Logistics tech firm BlackBuck will move out of its Bellandur office on Bengaluru’s Outer Ring Road (ORR) after nine years, with co-founder and CEO Rajesh Yabaji citing long commutes, potholes and dust and little intent to fix them, as the breaking point.

What triggered the move?
In a post on X on September 16, Yabaji said ORR (Bellandur) had been the company’s “office + home” for nearly a decade, but it had become “very-very hard to continue.”
He detailed how the average one-way commute for colleagues had crossed 1.5 hours, with “roads full of potholes & dust” and no improvement in sight for the next five years. The post, timestamped 10:31 am on September 16, underlined the decision: “We have decided to move out.”
Times of India’s Bengaluru desk reported the move as a response to “death-trap roads,” summarising Yabaji’s rationale and the strain on employee welfare. India Today also covered the exit, framing it as a cautionary tale of how persistent potholes are now hurting business decisions, not just commutes, with BlackBuck leaving its Bengaluru office over worsening road conditions.
Governance under the scanner
The decision sparked sharp reactions from industry veterans. Former Infosys CFO and Aarin Capital chief T.V. Mohandas Pai called it a “big failure of governance in Bengaluru,” amplifying pressure on civic authorities along the key tech corridor.
Political outreach begins
Within hours of the news cycle, Andhra Pradesh IT Minister Nara Lokesh publicly invited Yabaji to consider relocating BlackBuck to Visakhapatnam (Vizag).
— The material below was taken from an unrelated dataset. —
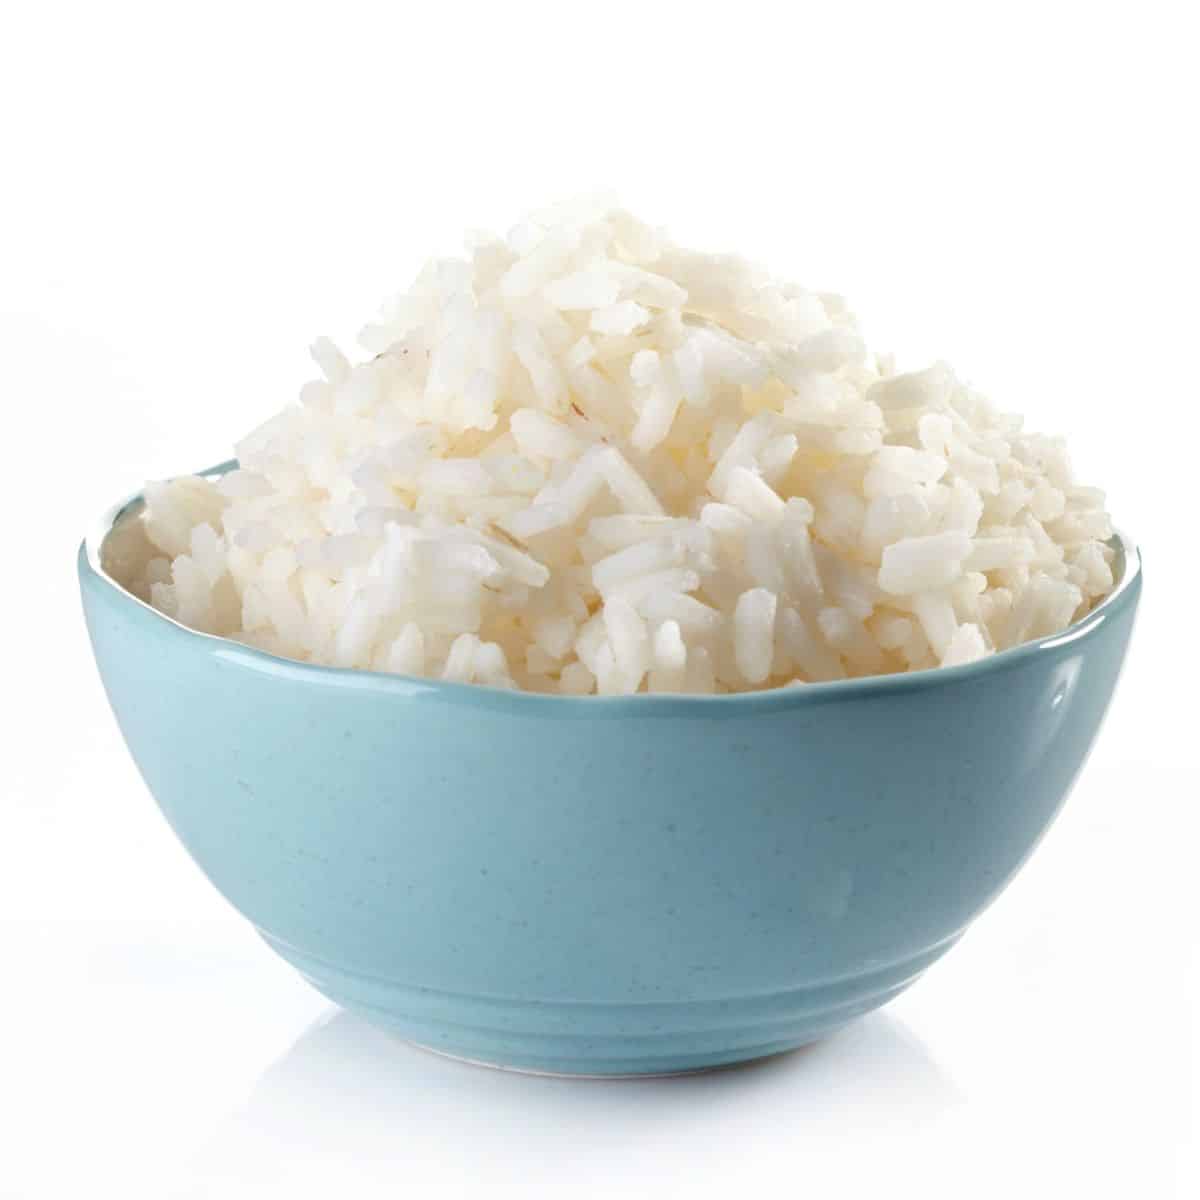 Bhutanese white rice in a blue bowl on an isolated white background.

In his pitch, Lokesh highlighted civic and safety rankings for the coastal city while positioning Vizag as a cleaner, safer alternative for businesses. (These are the minister’s claims as reported.)

Why it matters?
- Signal from a unicorn-scale player: India Today noted BlackBuck as being worth over $1 billion, making its office shift an unmistakable signal from a scaled logistics platform that depends on road efficiency every day.
- Employee-first calculus: The trigger was not a tax break or real-estate deal but commute pain and safety concerns, a template that other firms grappling with ORR congestion will be watching closely.
- Policy moment: Pai’s “governance” framing and the immediate political courtship from Andhra, turns a company’s facilities decision into a wider policy moment for urban infrastructure competitiveness.
None of the reports specify BlackBuck’s next office location; what’s clear is that the move is out of the ORR/Bellandur office footprint. The timeline and destination will be closely watched by other tech-enabled firms that anchor teams along ORR.
“ORR (Bellandur) has been our ‘office + home’ for the last 9 years. But it’s now very-very hard to continue here. We have decided to move out… Average commute… 1.5+ hrs (one way)… roads full of potholes & dust… didn’t see any of this changing in the next 5 years.” – Rajesh Yabaji, X post on Sep 16, 2025
BlackBuck’s decision is a data point that hits where it hurts Bengaluru most: the credibility of its infrastructure to support high-skill, high-density employment hubs. One CEO’s exit from ORR will not empty the corridor, but it raises the cost of complacency.
The next move is with the city’s civic and political leadership, whose response will determine whether this story remains an exception or becomes a trend.